Теория двух композиций меня зажигает; и я сознаю: привлечен я к

Грюневальду - трагизмом, которого нет в итальянцах; а ведь современность

дана нам трагизмом; я строю теорию: [Эту теорию я критикую поздней, открывая

себе итальянцев, к которым обратно от немцев зову (в 1915 - 1916 годах)]

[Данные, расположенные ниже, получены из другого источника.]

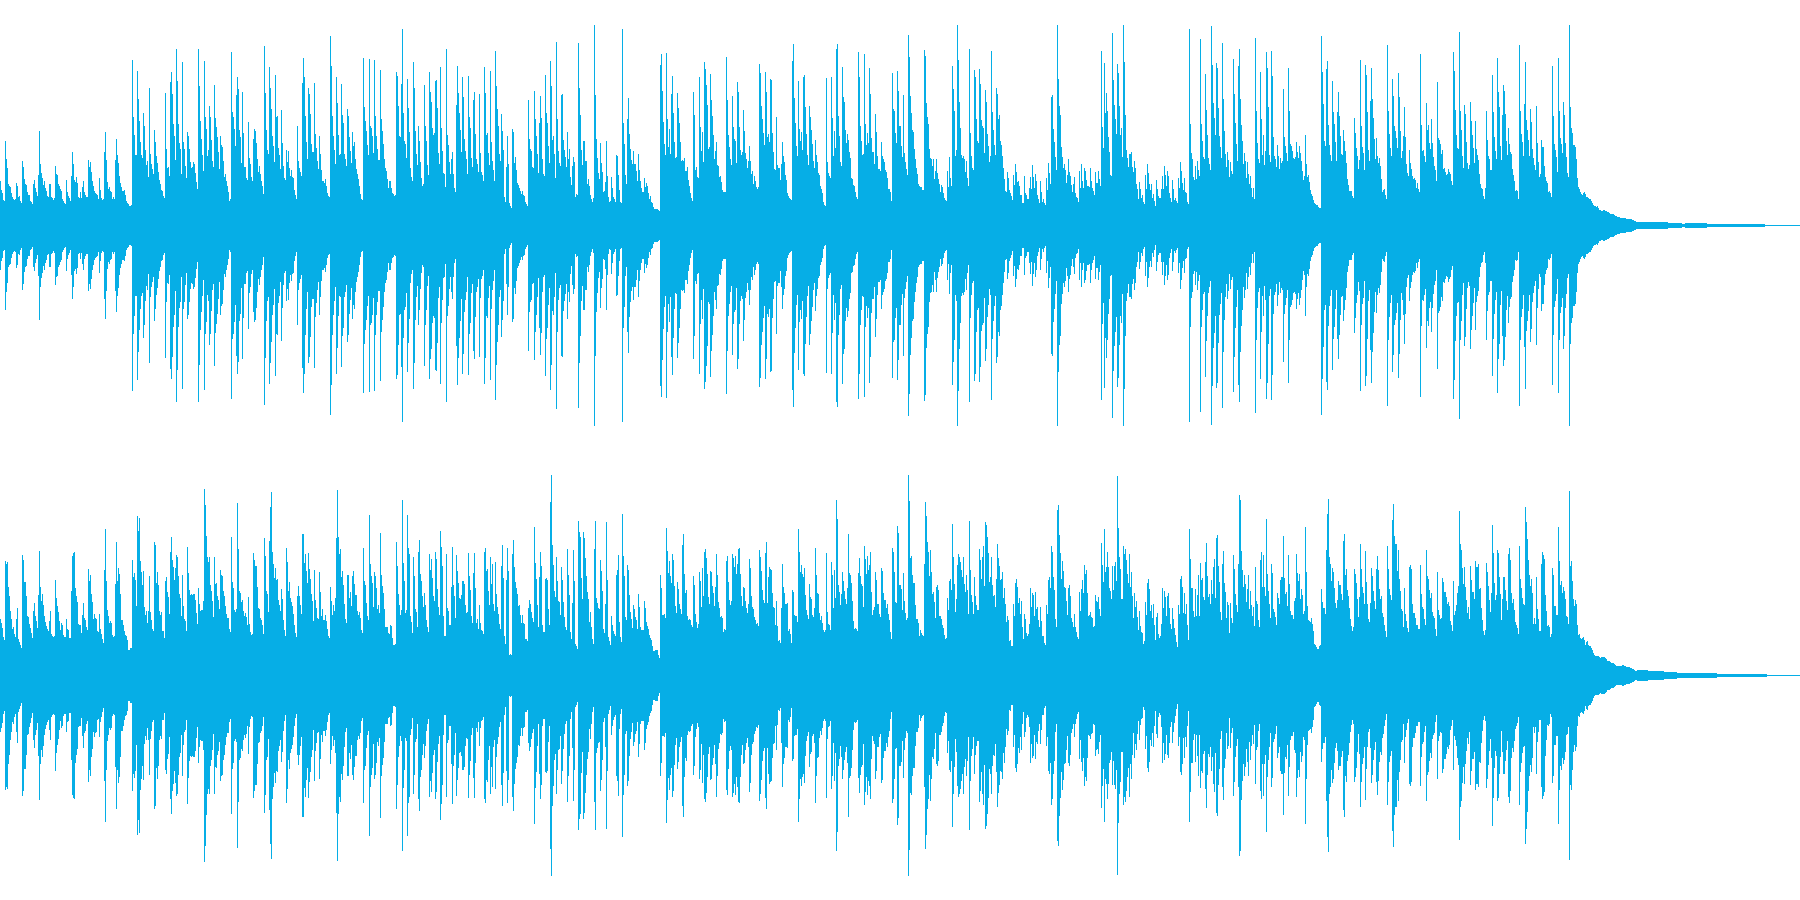 ギターデュオ/帰り道・ほのぼの・軽快の再生済みの波形

старые немцы нам ближе; и сводит с ума "Бичевание"31 - красною краскою и

выражением бичуемого (Грюневальд); узнаю я бичуемого:

- "Это - я в Петербурге и в Дедове, перекривленный бичами, до -

"домино"; как же я не узнал в "домино" - багряницы? И как не узнал, что

терновый венец был надет?"

Я же сам еще прежде писал:


Неужели меня

Никогда не узнают?32


Я сам не узнал себя! Знаю:

- "Грюневальд - еще будущее!"


Eine Strasse muss ich gehen,

Die noch keiner ging zuriick

[Слова поэта Мюллера33].


Песня "Зимнего странствия" [Цикл песен Шуберта] - лейтмотив

"странствия" и моего!..

Бирюзовые воздухи холодно дуют; и солнце бледнее облещивает; тень -

теплей; и бегу "Пропилеями"; на зиму заколотили досками, как - в гроб

положили, - бассейн Гильдебрандта; и - мимо: свой лоб разбиваю о серые камни

стены Фрауэнкирхе; все - мимо: змея подколодная листьями гонится сзади;

спасаюсь в пустой я пивной, в "Аугустинербрей", взор погружая в

коричнево-темную тень; и глотаю коричневое с легким просверком пиво: уйти

бы, уйти, - не вернуться; неузнанным странником пересекать этот сумрак;

увидев страдающего, своим сердцем, приподнятым точно фонарь, осветить ему

путь; сказать:

- "Брат!"

Сколько раз шли по Швабингу из Пинакотеки, - обедать; я упорно молчал,

подымая перед собою вопросы свои:

- "Кем же волил ты быть там? Бичующим или - бичуемым?"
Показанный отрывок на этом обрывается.